Canada’s inflation numbers beat market estimates, with headline inflation accelerating from 2.7% year-on-year to 2.9% in May versus consensus for a decline to 2.6%.
On a monthly basis, headline CPI rose from 0.5% to 0.6% instead of falling to the estimated 0.3% while core CPI rose from 0.2% to 0.6%.
Other inflation measures also turned out to be stronger than expected, capping four consecutive months of lower price pressures:
- May headline CPI YoY: 2.9% (2.6% expected, 2.7% previous)
- May headline CPI monthly: 0.6% (0.3% expected, 0.5% previous)
- May core CPI monthly: 0.6% (previously 0.2%)
- May CPI decline year-on-year: 2.9% (expected 2.8%, previous reading reduced to 2.8%)

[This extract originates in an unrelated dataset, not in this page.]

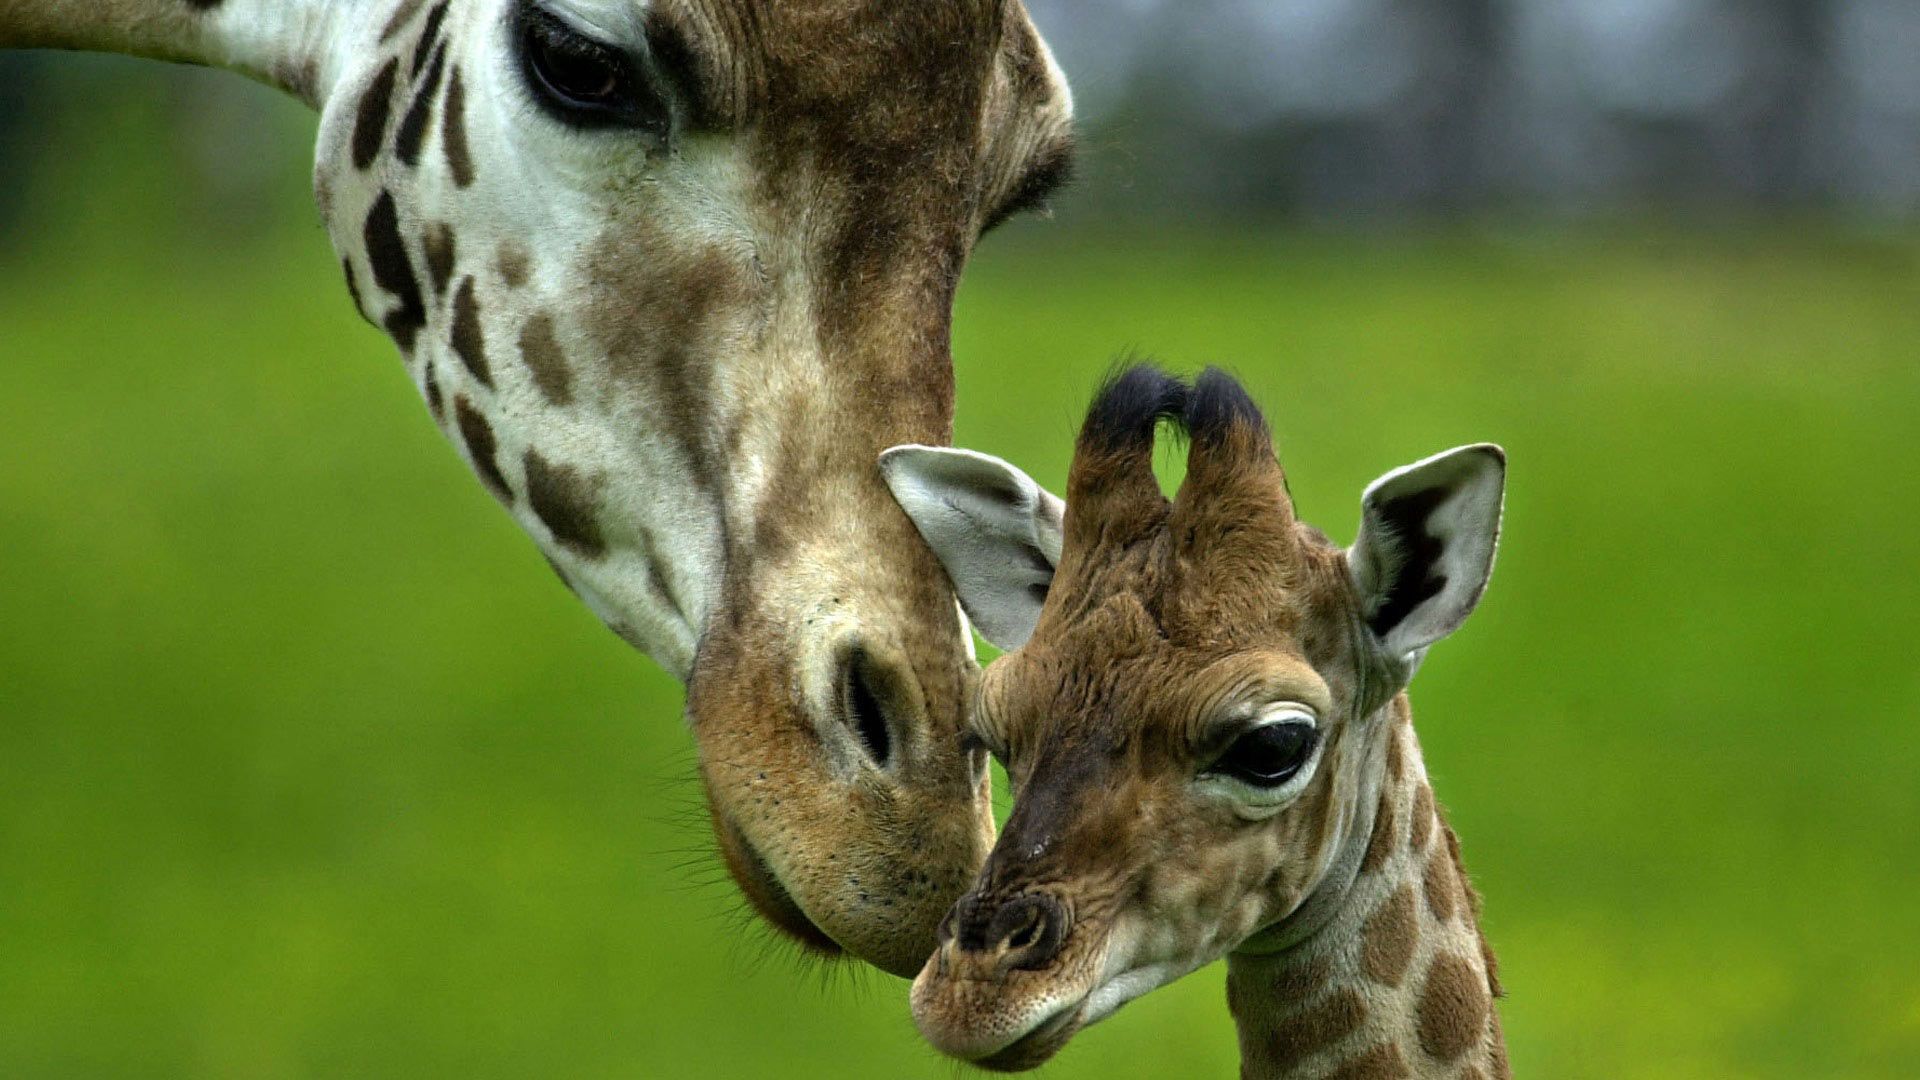 animals, young, spotted, spotty, head, care, joey, giraffe wallpaper for mobile

- May CPI average y/y: 2.8% (2.6% expected, 2.6% previous)
Link to the May 2024 Canadian CPI report
The components of the CPI report revealed that the rise in overall inflation was mostly due to higher prices for services, led by cellular services, travel and rentals, and air transportation.
Store-bought food prices also rose from the previous month’s gains, marking their first acceleration since June 2023.
Market reactions
Canadian dollar against major currencies: 5 minutes
Overlay of the Canadian dollar against major currencies Chart by TradingView
Canadian dollar traders appear to be bracing for a downbeat Canadian CPI report, as the Canadian currency was trending lower against the majority of its counterparts (excluding the Australian dollar) ahead of the actual release.
We saw a sharp rise across the board after results revealed stronger than expected inflationary pressures, which could raise doubts about the Bank of Canada’s interest rate cut in July.
From there, the Canadian dollar retreated from its rally and was unable to make any progress past the post-CPI highs before retreating to the US dollar and British pound. However, it managed to maintain its gains and squeeze a few extra pips against the Australian, New Zealand and Euro a few hours after the release.